Palavras-Chave: trabalho, educação, neoliberalismo, reestruturação produtiva.
ABSTRACT
Brief analysis of the meaning of workers’ education in the context of the transformations
of work relations with the advent of the productive reestructuration of the capital and the
crisis of Keynesian-Fordist regulation paradigm and birth of neoliberalism. Consequences
of that process on the stablishment of an utilitary and taming education contributing to
intensify the process of submitting work to capital.

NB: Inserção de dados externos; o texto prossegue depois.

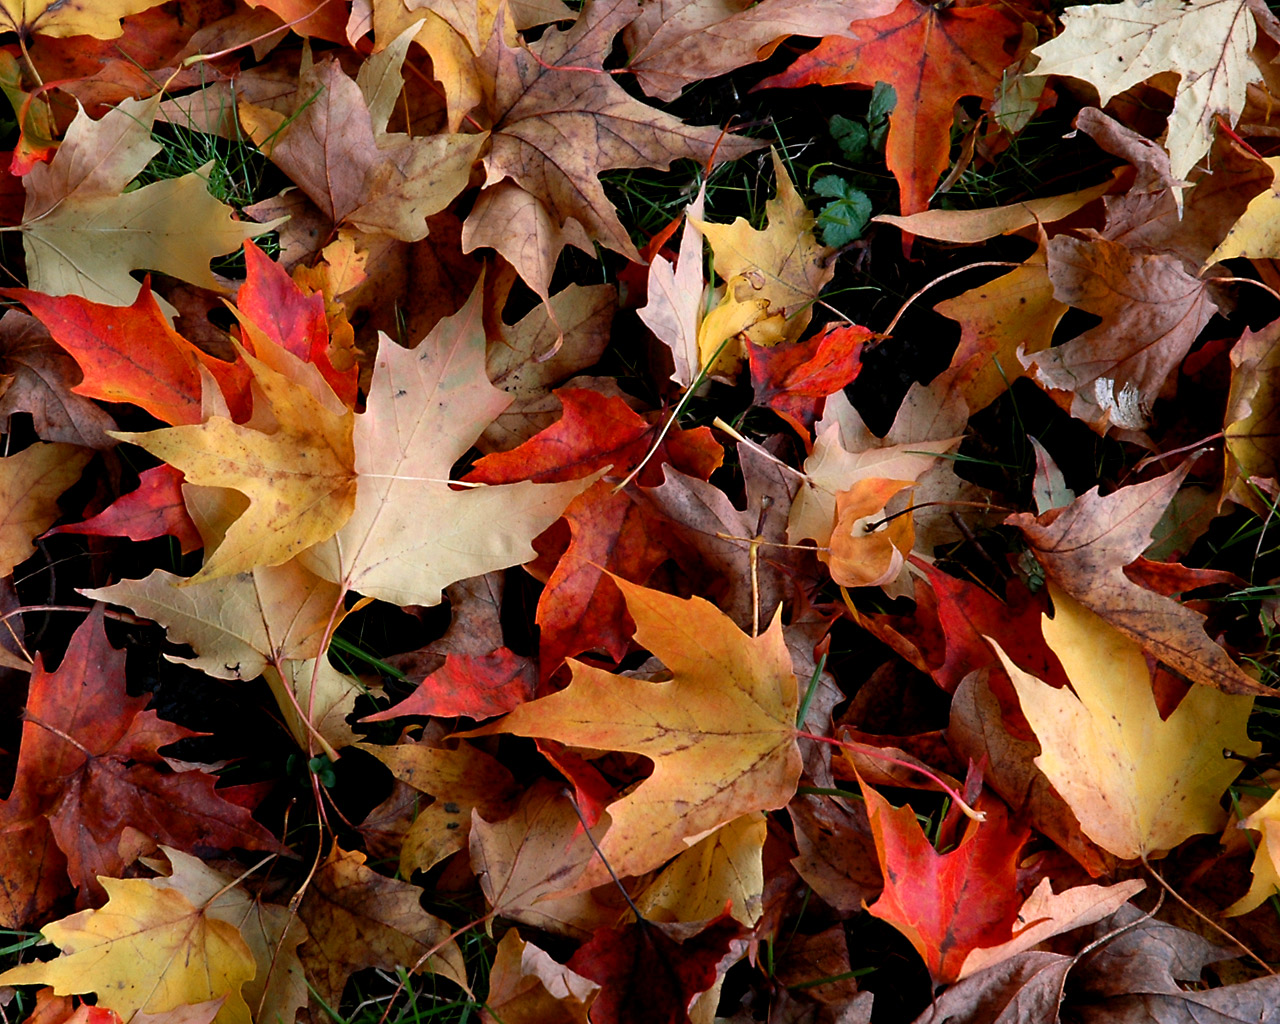  very pretty autumn leaves desktop wallpaper you can download for free
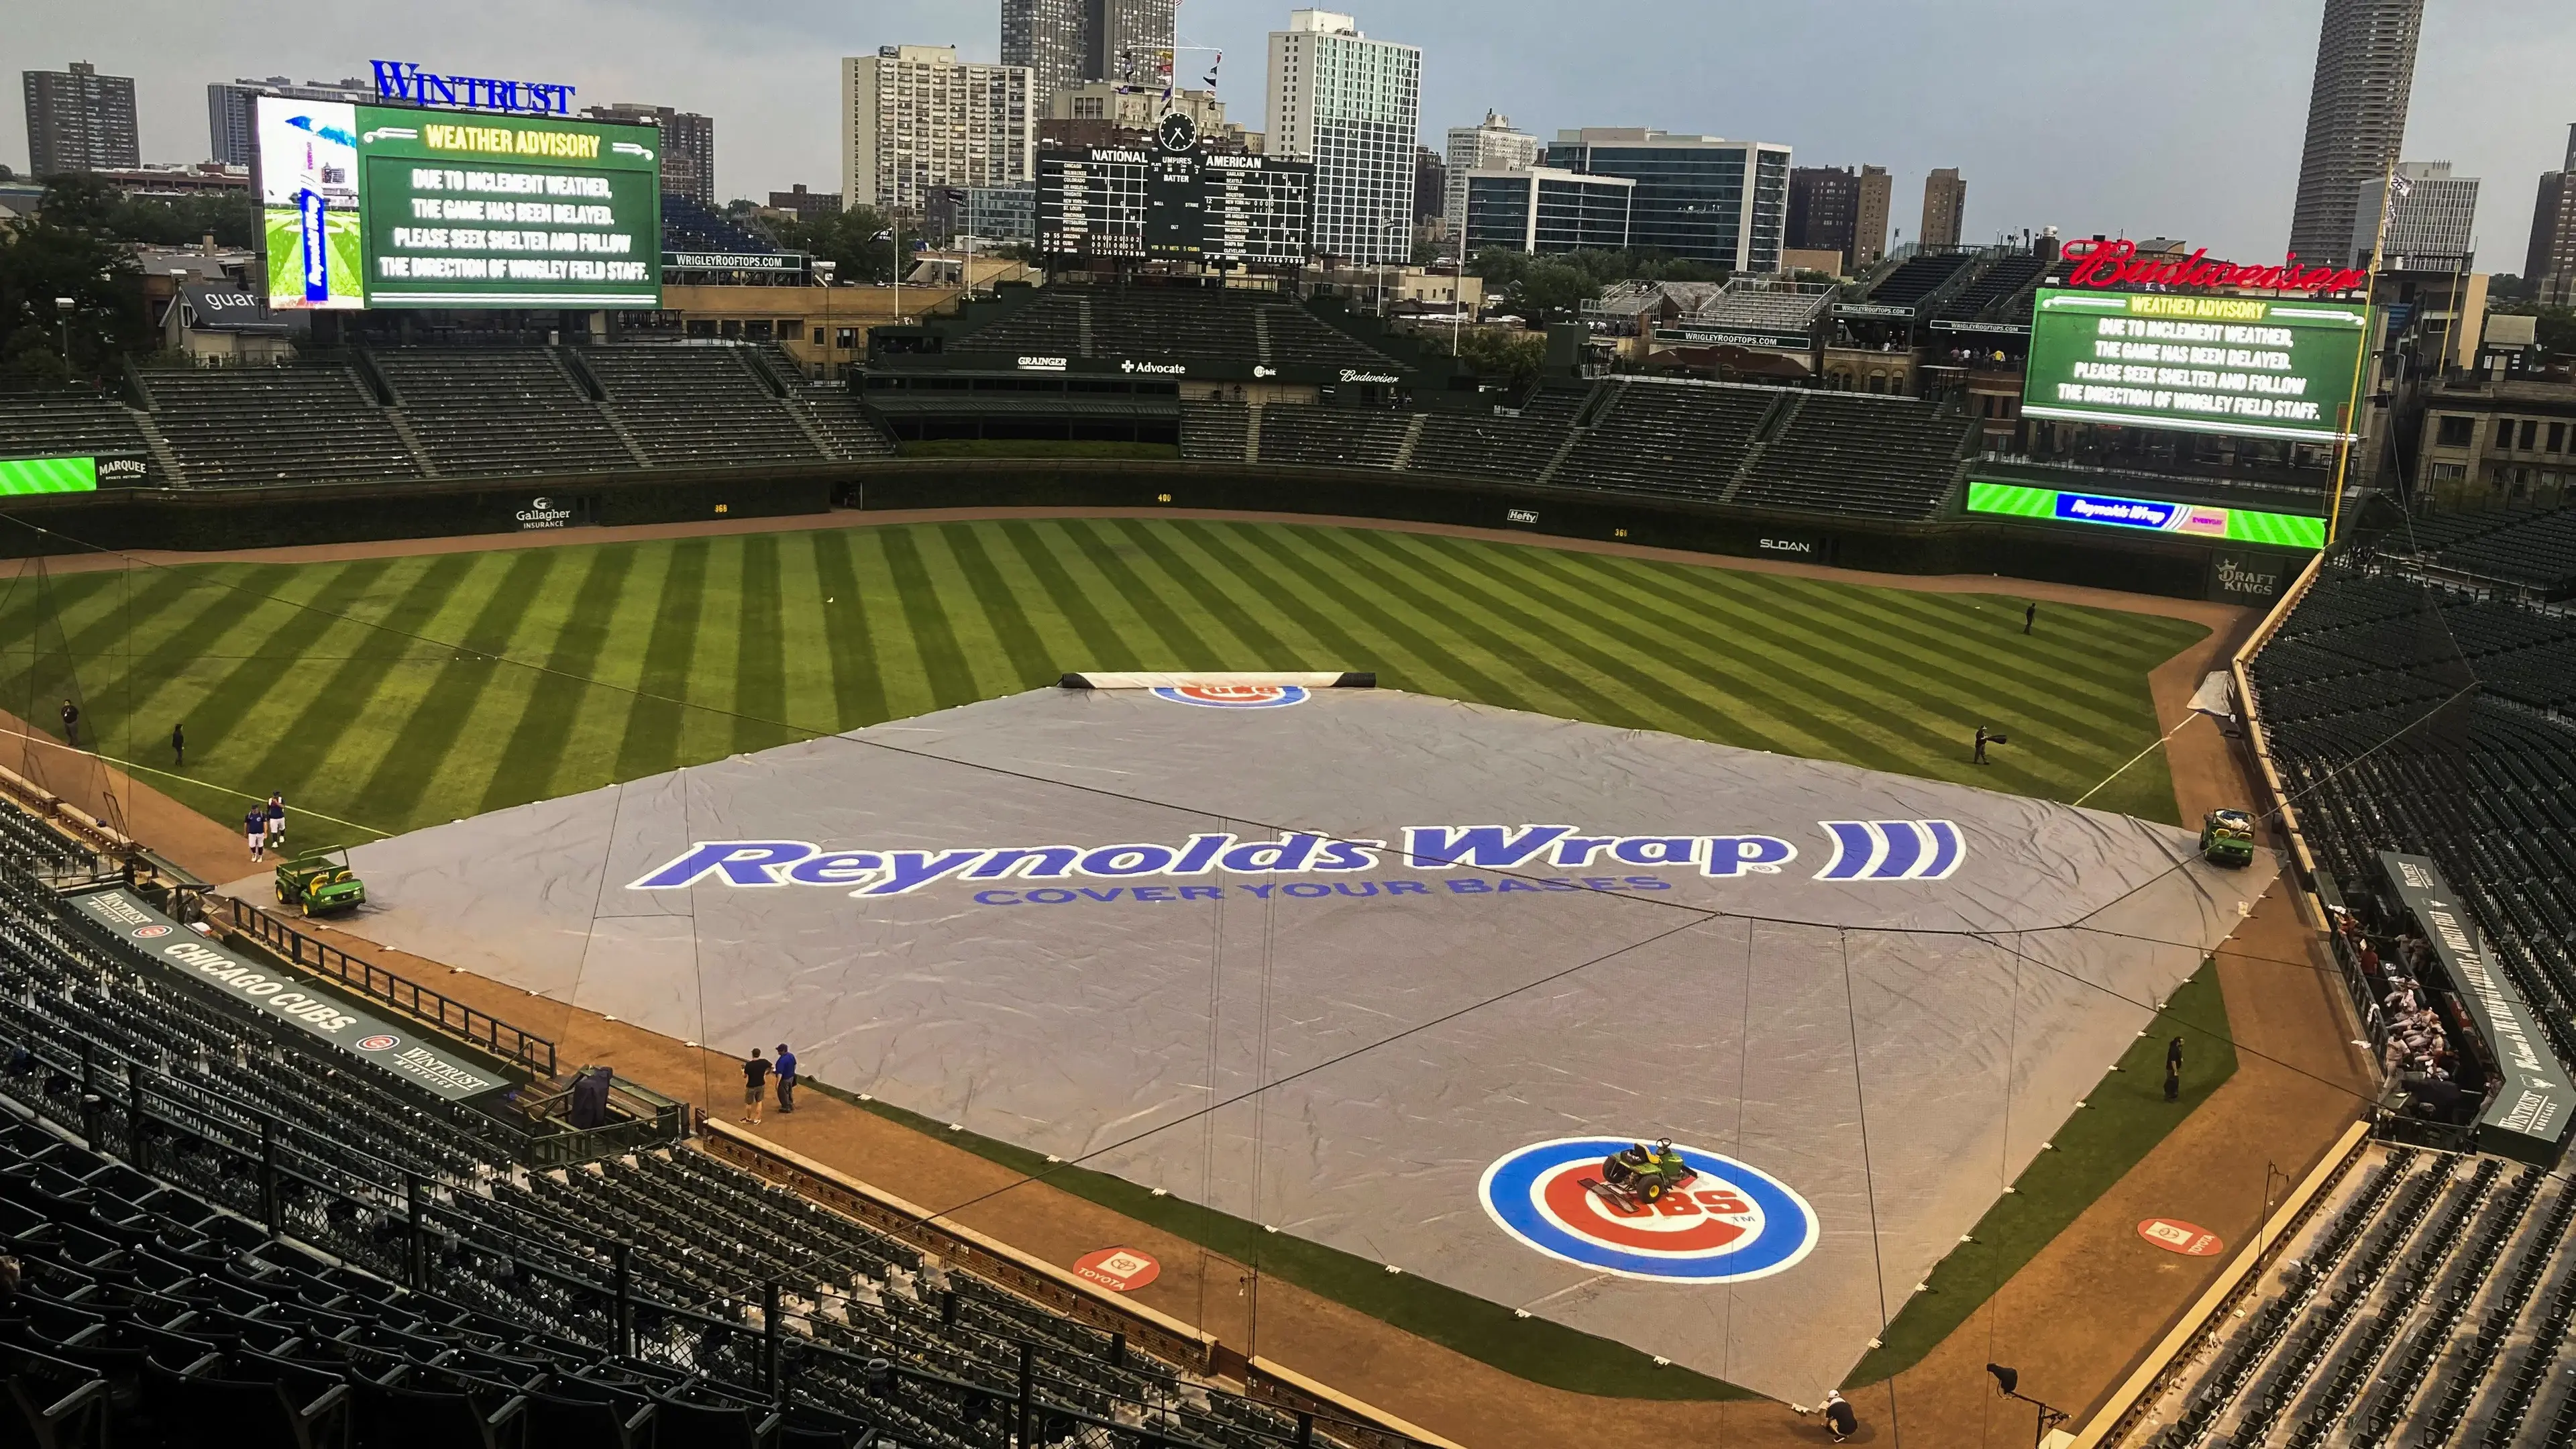 Jul 24, 2021; Chicago, Illinois, USA; Chicago Cubs grounds crew members place the tarp during a rain delay in the ninth inning against the Arizona Diamondbacks at Wrigley Field. Mandatory Credit: Matt Marton-USA TODAY Sports / Matt Marton-USA TODAY Sports

Key-Words: Work, Education, Neoliberalism, Productive Reestructuration.
“Corremos o risco de ver o ensino reduzido à um simples processo de treinamento, a
uma instrumentalização das pessoas, a um aprendizado que exaure precocemente ao
sabor das mudanças rápidas e brutais das formas técnicas e organizacionais do
trabalho exigidas por uma implacável competitividade”
Milton Santos
1 INTRODUÇÃO
As transformações observadas e vivenciadas no mundo do trabalho refletem o
movimento estrutural do capitalismo no decorrer das últimas décadas do século XX, resultante da crise
do modelo de regulação keyneziano-fordista, que garantiram a sustentabilidade das décadas de
prosperidade e estabilidade que precederam o 2º pós-guerra e a reprodução ampliada do capital
nesse período, constituindo-se em um sistema único, global, sem precedentes na história.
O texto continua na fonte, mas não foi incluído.